Fenta Feleke Sefineh, Mulu Berihun, Azmeraw Molla, Temesgen Dessie, Dagne Melsew, Giza Mastewal, Yimer Ali, Mengist Dessie Anteneh, Yenew Chalachew
Department of Public Health, College of Medicine and Health Sciences, Woldia University, Woldia, Ethiopia.
Department of Nursing, College of Medicine and Health Sciences, Woldia University, Woldia, Ethiopia.
Int J Gen Med. 2022 Nov 2;15:8025-8031. doi: 10.2147/IJGM.S388120. eCollection 2022.
Neonatal sepsis is a leading cause of sickness and death in the entire world. Diagnosis is usually difficult because of the nonspecific clinical symptoms and the paucity of laboratory diagnostics in many low- and middle-income nations (LMICs). Clinical prediction models may increase diagnostic precision and rationalize the use of antibiotics in neonatal facilities, which could lead to a decrease in antimicrobial resistance and better neonatal outcomes. Early detection of newborn sepsis is critical to prevent serious consequences and reduce the need for unneeded drugs.
The aim is to develop and validate a clinical prediction model for the detection of newborn sepsis.

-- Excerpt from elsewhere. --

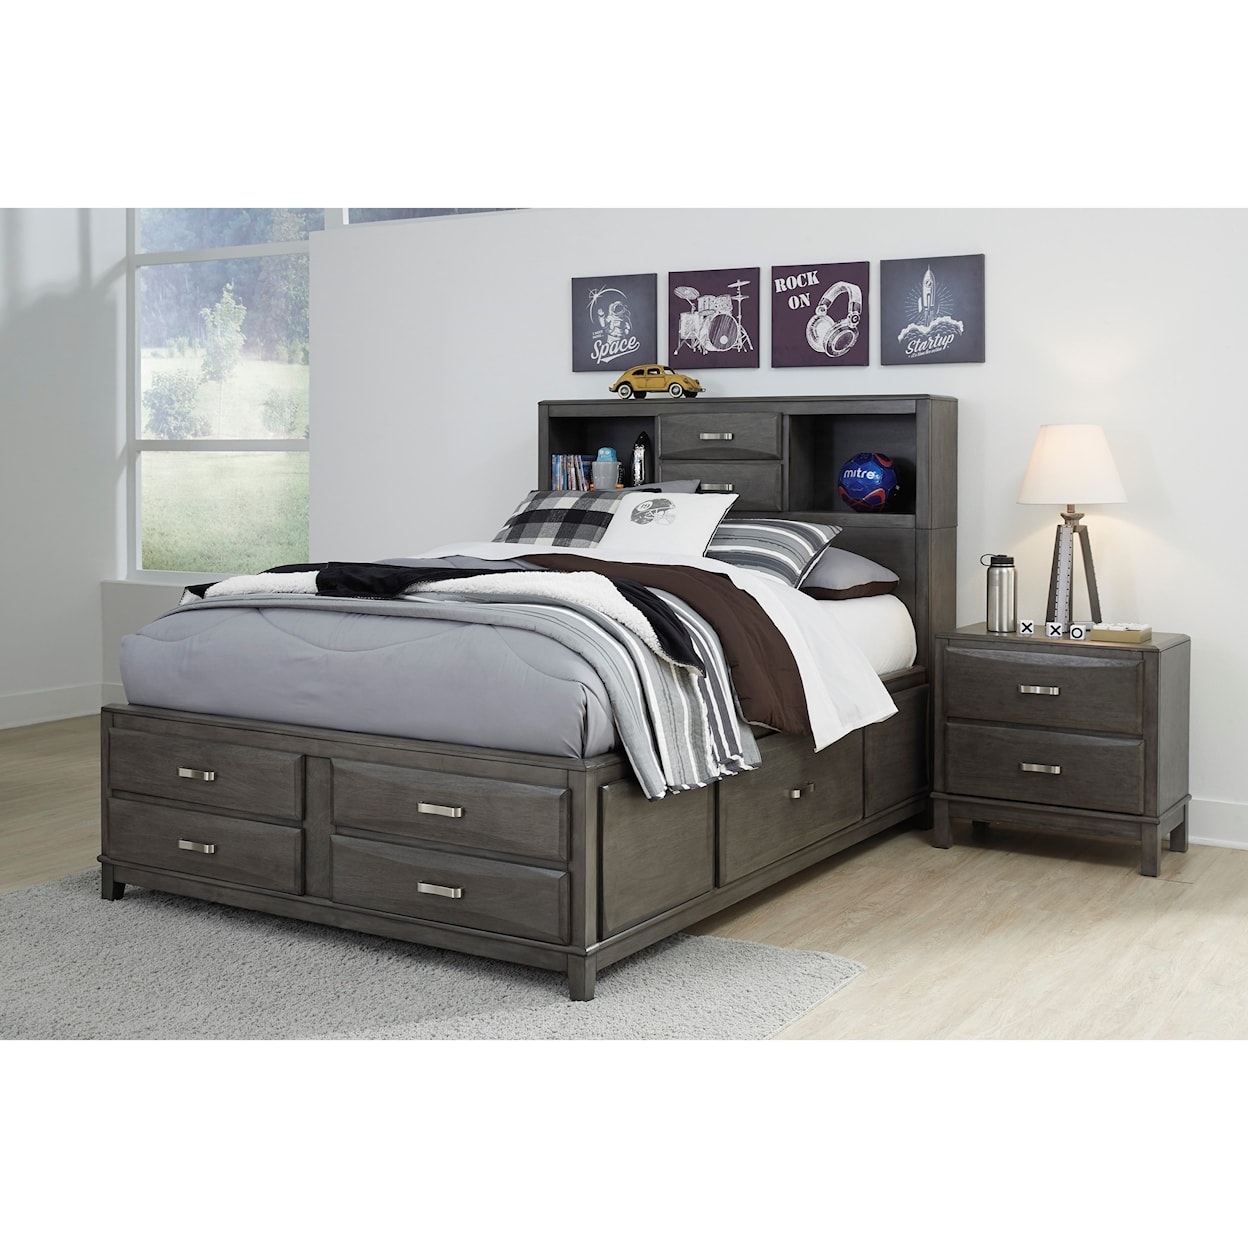 Benchcraft Caitbrook Full Storage Bed with 7 Drawers
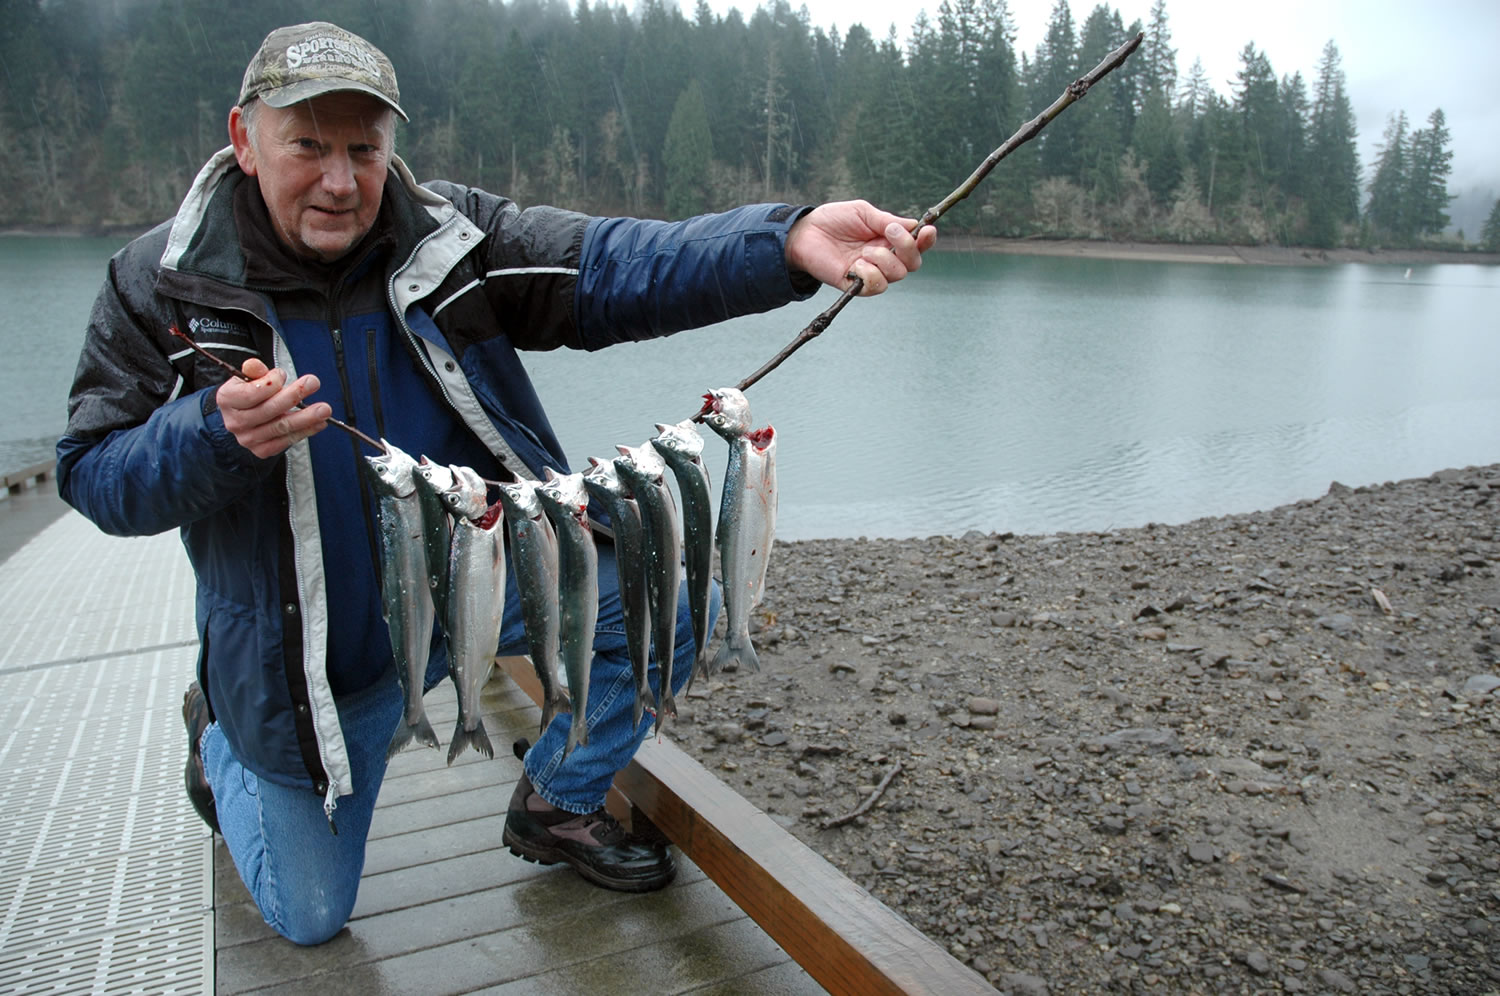 State officials increased the kokanee limit to 10 per day in August and want to make the change permanent.

A cross-sectional study based on an institution will be carried out. The sample size was determined by assuming 10 events per predictor, based on this assumption, the total sample sizes were 467. Data will be collected using a structured checklist through chart review. Data will be coded, inputted, and analyzed using R statistical programming language version 4.0.4 after being entered into Epidata version 3.02 and further processed and analyzed. Bivariable logistic regression will be done to identify the relationship between each predictor and neonatal sepsis. In a multivariable logistic regression model, significant factors (P< 0.05) will be kept, while variables with (P< 0.25) from the bivariable analysis will be added. By calculating the area under the ROC curve (discrimination) and the calibration plot (calibration), respectively, the model's accuracy and goodness of fit will be evaluated.
新生儿败血症是全球疾病和死亡的主要原因。由于临床症状不具特异性,且许多低收入和中等收入国家(LMICs)缺乏实验室诊断手段,诊断通常较为困难。临床预测模型可能会提高诊断准确性,并使新生儿机构中抗生素的使用更加合理,这可能会导致抗菌药物耐药性降低,并改善新生儿结局。早期发现新生儿败血症对于预防严重后果和减少不必要药物的使用至关重要。
旨在开发并验证一种用于检测新生儿败血症的临床预测模型。
将开展一项基于机构的横断面研究。样本量根据每个预测因素有10个事件的假设来确定,基于此假设,总样本量为467。数据将通过结构化检查表经病历审查收集。数据在录入Epidata 3.02版本后,使用R统计编程语言4.0.4版本进行编码、输入和分析,并进一步处理和分析。将进行双变量逻辑回归以确定每个预测因素与新生儿败血症之间的关系。在多变量逻辑回归模型中,显著因素(P<0.05)将被保留,而双变量分析中P<0.25的变量将被纳入。分别通过计算ROC曲线下面积(辨别力)和校准图(校准)来评估模型的准确性和拟合优度。